Thursday, April 11, 2013

Les Miserables – father daughter team review

Each month I publish a film review, for Touchstone (the New Zealand Methodist magazine). Stretching back to 2005, some 80 plus films later, here is the review for March. It’s a team effort with my daughter

Les Miserables
A film review by S(hannon) and S(teve) Taylor.

Les Miserables needs little introduction. It is a book, written by Victor Hugo, set during the French Revolution, a tale of courage, hope and redemptive love amidst poverty and power. It is a film, of at least ten versions, stretching back to 1934. It is a musical, first staged in 1985, now one of the world’s longest running, which has given us the timeless tunes, including “I Dreamed a Dream” and “Do You Hear the People Sing?”

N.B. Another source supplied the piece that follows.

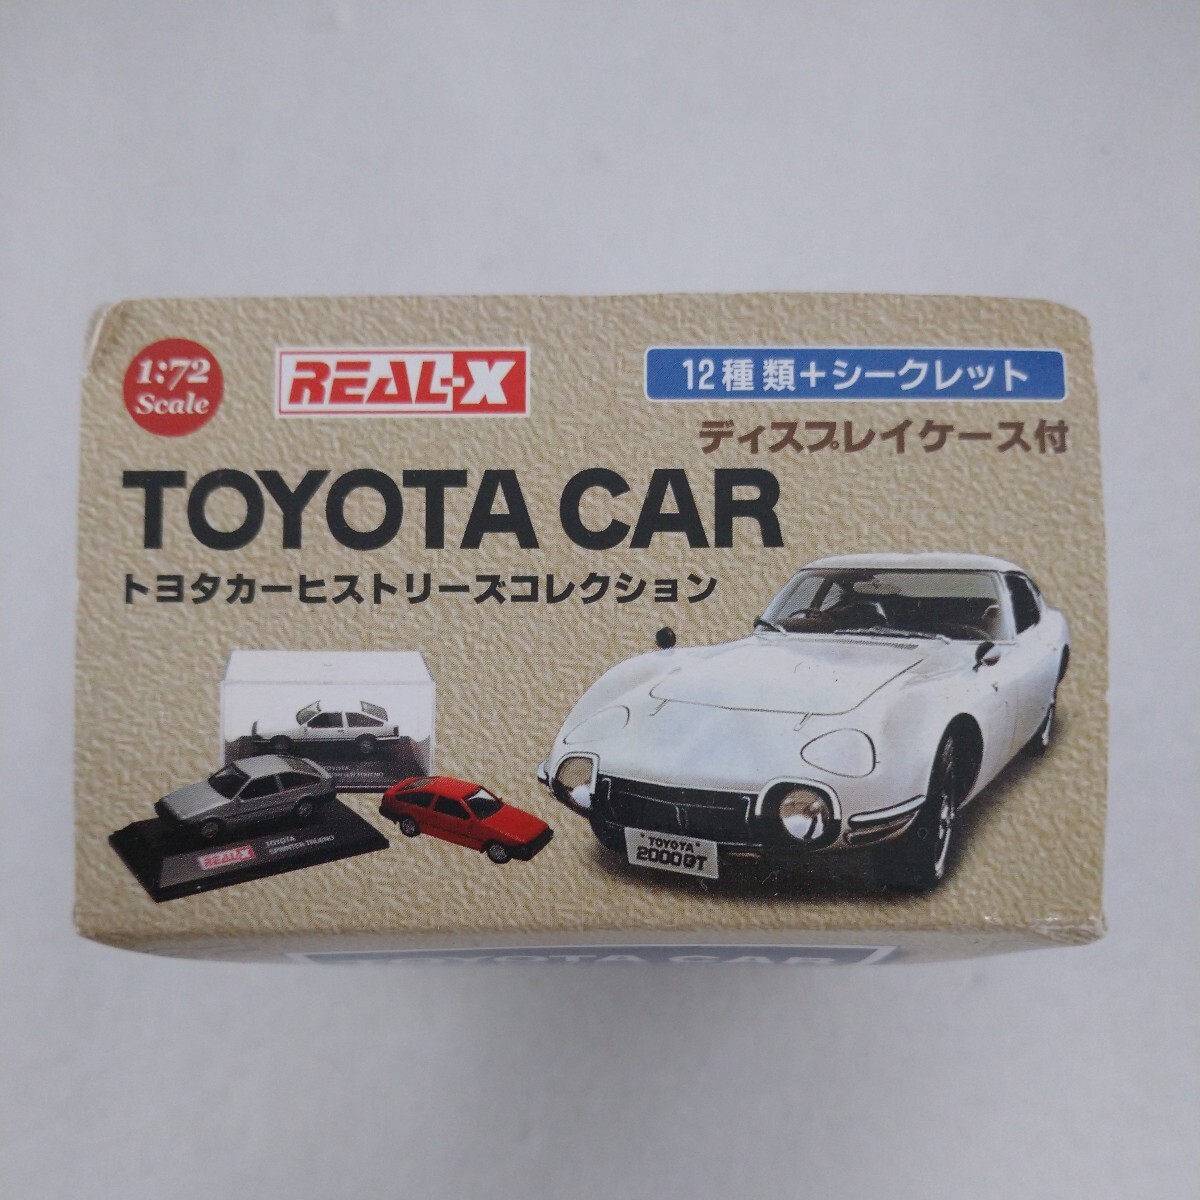 [ нераспечатанный ] Toyota машина hi -тактный Lee z коллекция REAL-X 1/72 миникар модель

All of this means that Les Miserables (2012) a film of the musical of the book, carries a considerable burden, a weight of expectation carried by both audience and cast.

For the audience, musicals are an acquired taste. Les Miserables (2012) is “sung-through.” No line of dialogue is spoken. Songs allow a long and lengthy story to be woven in ways that offer continuity yet introduce complexity. The opening chorus “Look down” suggests subservience when sung convicts. The same line when latter sung by beggars in Paris becomes a cry for justice. However, such advantages are based on a suspension of reality, a willingness to take seriously a tightly uniformed Javert exercising authority (“You are a thief”) through melody. One S Taylor went hesitant, a musical agnostic. The other S Taylor went expectant, a lover of song.

For the cast, could the Hollywood A-listers, the likes of Russell Crowe (Javert), Anne Hathaway (Fantine) and Hugh Jackman (Valjean), sing as well as they have been seen to act?

The answer is no. Which, apparently is deliberate. Russell Crowe responded to one vocal critic (American Idol runner-up Adam Lambert), that the goal was a performance that was “raw and real”. The cast refused any tweaking at a latter date in the studio editing suite, rejected any offers of overdubbing by professional singers.

At times these flaws, all ‘raw and real’, worked. They pointed to humanity, reminded us of reality, increase the intensity of emotion.

But only sometimes. Some performances deepened the emotional intensity (Marius’ (Eddie Raymond) “Empty Chairs at Empty Tables” a case in point). In other songs the intensity leaked, the arrogant melody of Javert’s “You are a thief” diluted by a voice more ordinary than operatic.

The attempt at the twisting of genre, the filming of a score of songs, has gained mixed critical reception. Well known film critic Anthony Lane, panned it with the memorable line: “I screamed a scream as time went by.” Yet the Academy awarded Anne Hathaway Best Supporting Actress for her heart wrenching rendition of this very song, while the film also achieved Best Makeup and Hairstyling and Best Sound Mixing. 

Those with a theological ear will find a wealth of material in Les Miserables, whether in book, film or musical. God is with the poor. The poor are grace bearers. Prayer is preferable to violence.

These themes remain as radical in the 21st century as in the 19th when Victor Hugo dreamed his final dream: “I leave 50 000 francs to the poor … I believe in God.” (Victor Hugo’s official will).